Роман Замятина «Мы », написанный им между 1920 и 1921 годами, разворачивается на много веков в будущем. Математик Д-503 живет в Едином Государстве, [16] городском обществе, построенном почти полностью из стеклянных многоквартирных домов, которые помогают осуществлять массовый надзор со стороны тайной полиции или Бюро Хранителей. Структура Единого Государства подобна Паноптикуму , а жизнь научно управляется на основе теорий Ф. У. Тейлора . Люди маршируют в ногу друг с другом и носят униформу. Нет способа называть людей, кроме как по номерам, назначенным Единым Государством. Общество управляется строго логикой или разумом как основным обоснованием законов или конструкции общества. [17] [18] Поведение индивида основано на логике с помощью формул и уравнений, изложенных Единым Государством. [19]
В начале романа строится космический корабль «Интеграл», который будет посещать внеземные планеты. В преднамеренном ударе по экспансионистским мечтам Николая Крыленко и ему подобных Единое Государство намеревается «заставить» инопланетные расы «быть счастливыми», приняв абсолютизм Единого Государства и его лидера, Благодетеля. Тем временем, как главный инженер космического корабля, Д-503 начинает вести журнал , который он намеревается перевезти на готовом космическом корабле.
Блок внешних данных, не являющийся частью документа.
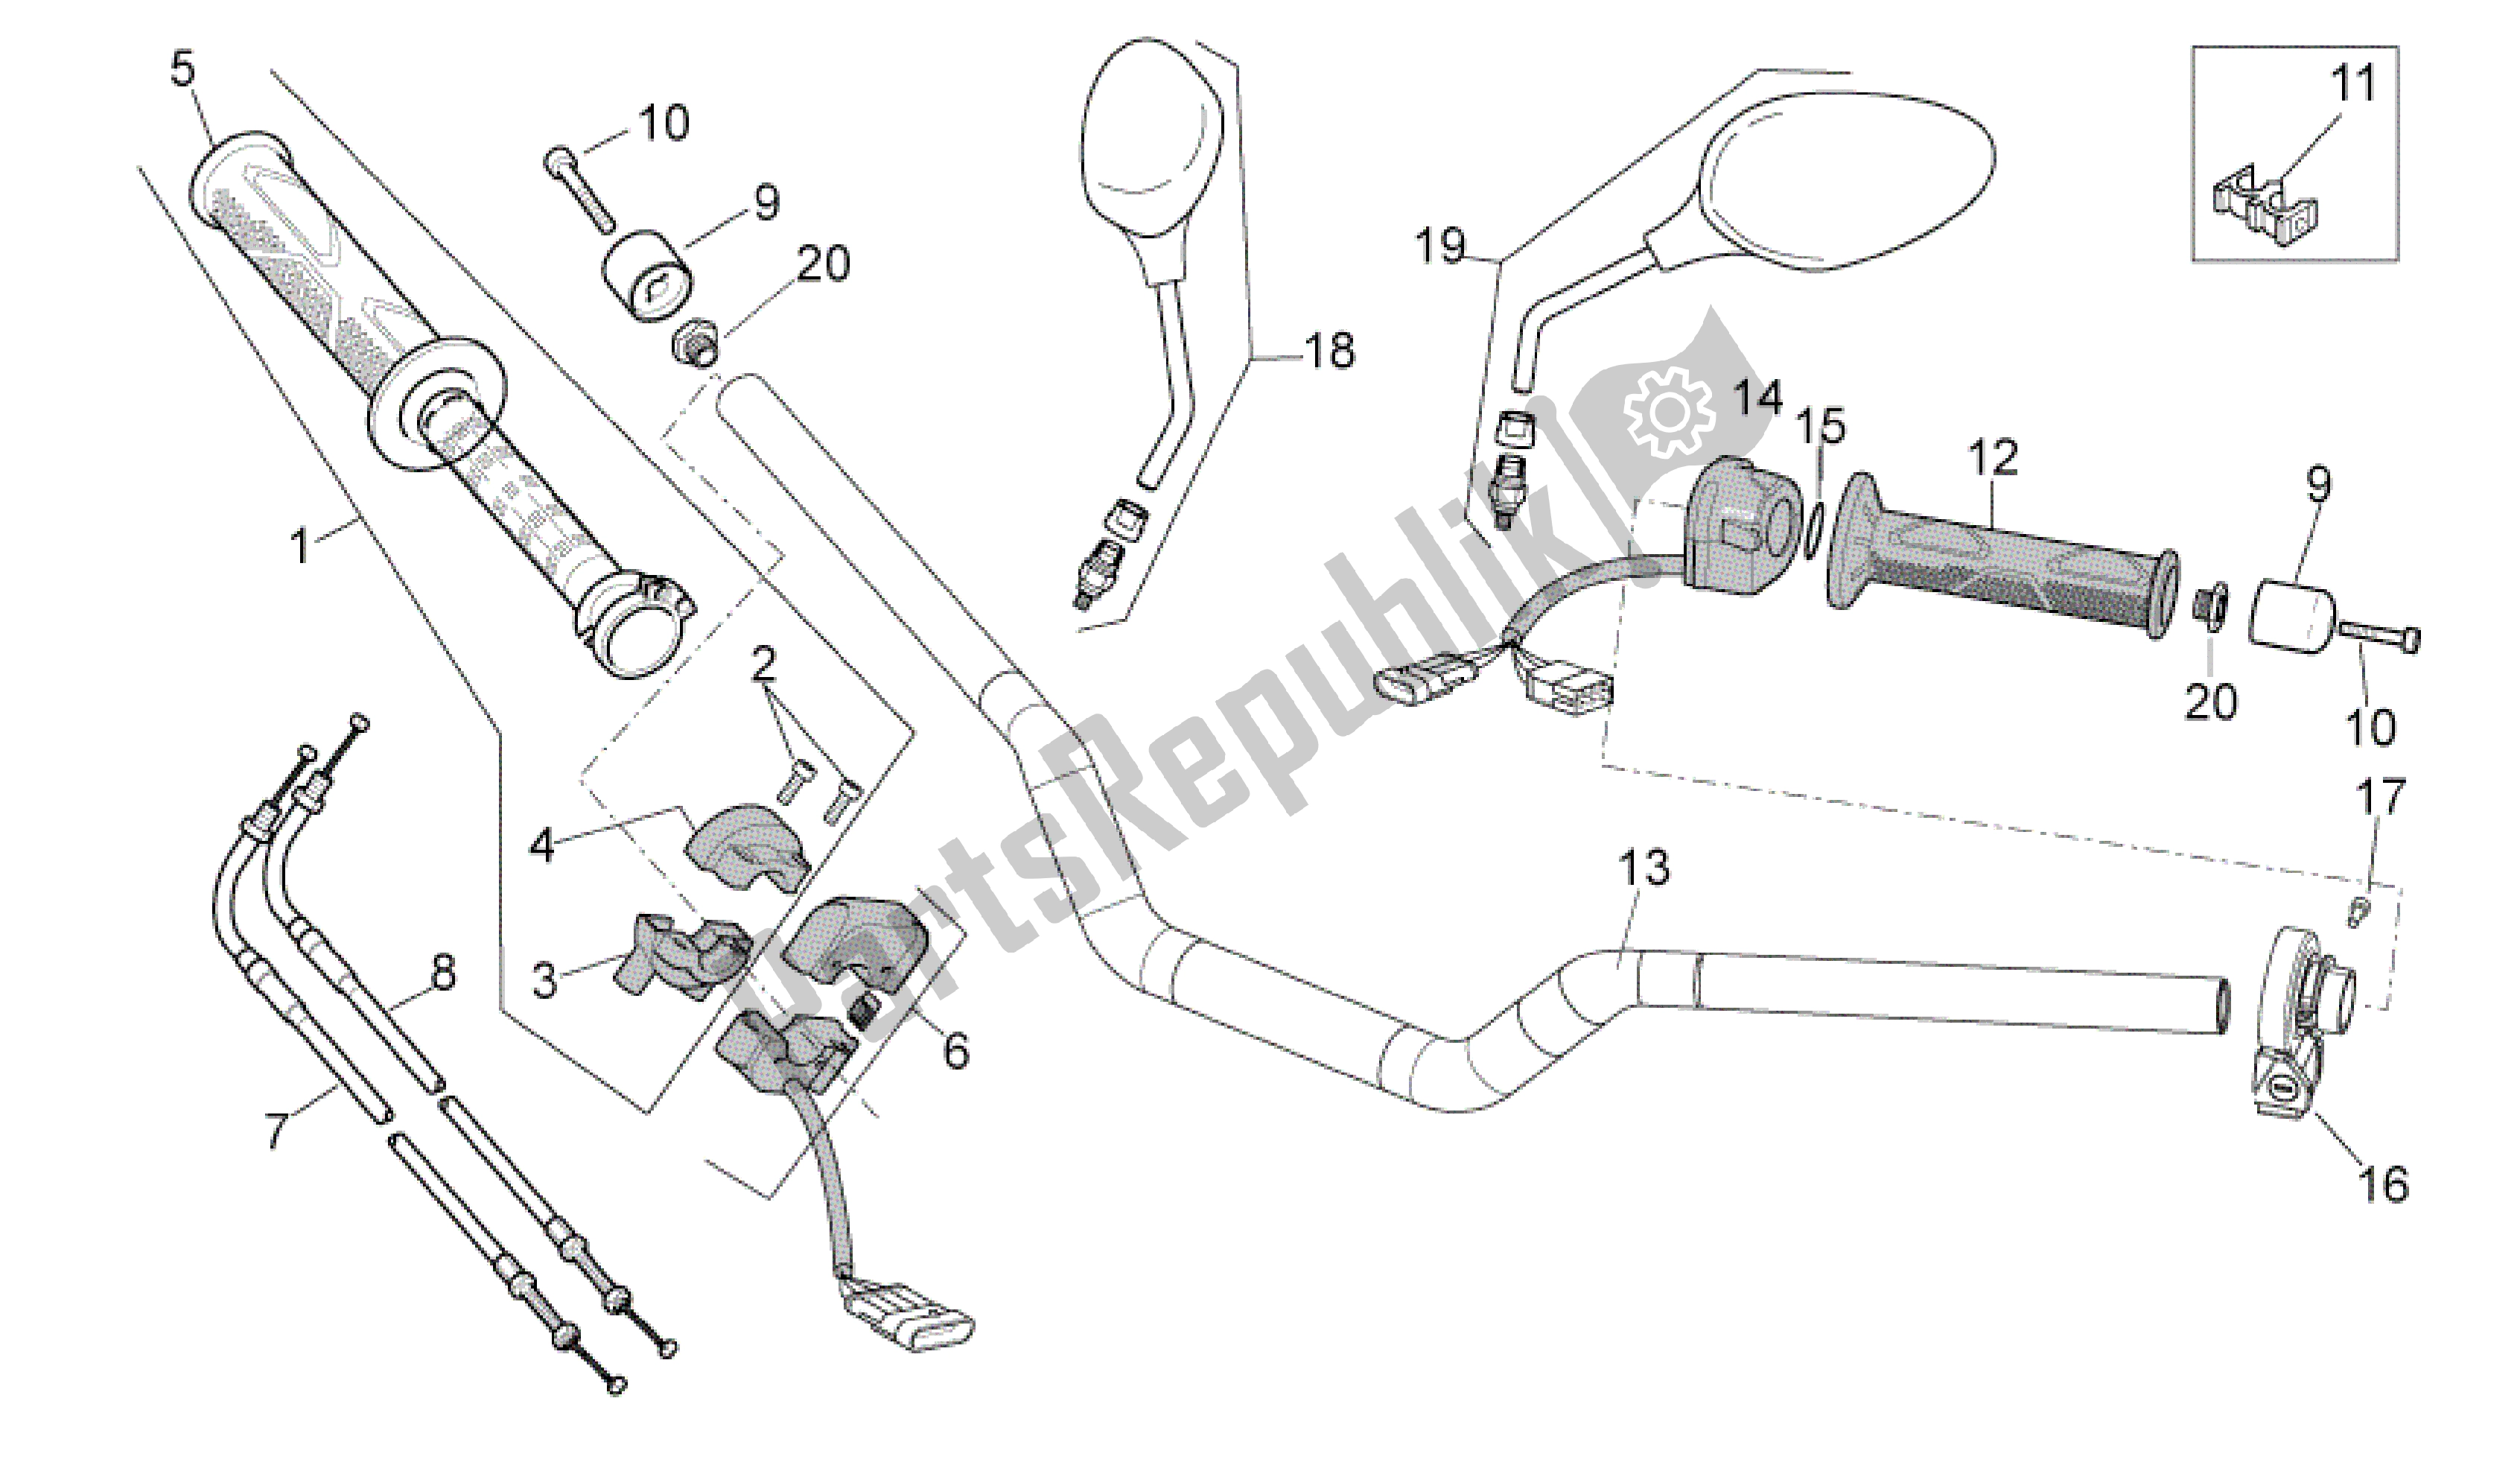 Todas las partes para Manillar - Controles de Aprilia RSV4 Tuono V4 R Aprc ABS 1000 2014

Как и все остальные граждане Единого Штата, D-503 живет в стеклянном жилом доме и находится под пристальным наблюдением Бюро Хранителей. Возлюбленная D-503, O-90, была назначена Единым Штатом навещать его в определенные ночи. Она считается слишком маленькой, чтобы иметь детей, и глубоко опечаленна своим положением в жизни. Другой возлюбленный O-90 и лучший друг D-503 — R-13, государственный поэт, который читает свои стихи на публичных казнях.
Во время назначенной прогулки с O-90, D-503 встречает женщину по имени I-330. I-330 курит сигареты, пьет водку и бесстыдно флиртует с D-503 вместо того, чтобы подать заявку на секс-визит с розовым билетом; все эти действия являются крайне незаконными в соответствии с законами Единого штата.
D-503, одновременно отталкиваемый и очарованный, изо всех сил пытается преодолеть свое влечение к I-330. Он начинает видеть сны, которые, как известно людям Единого Государства, являются серьезным психическим заболеванием . [20] Медленно I-330 раскрывает D-503, что она является членом MEPHI, организации повстанцев против Единого Государства. I-330 также проводит D-503 через секретные туннели в дикую природу за пределами Зеленой Стены, которая окружает город-государство. Там D-503 встречает людей, которых Единое Государство утверждает, что не существует: охотников-собирателей, чьи тела покрыты шерстью животных. MEPHI стремится свергнуть Единое Государство, разрушить Зеленую Стену и воссоединить людей города с внешним миром.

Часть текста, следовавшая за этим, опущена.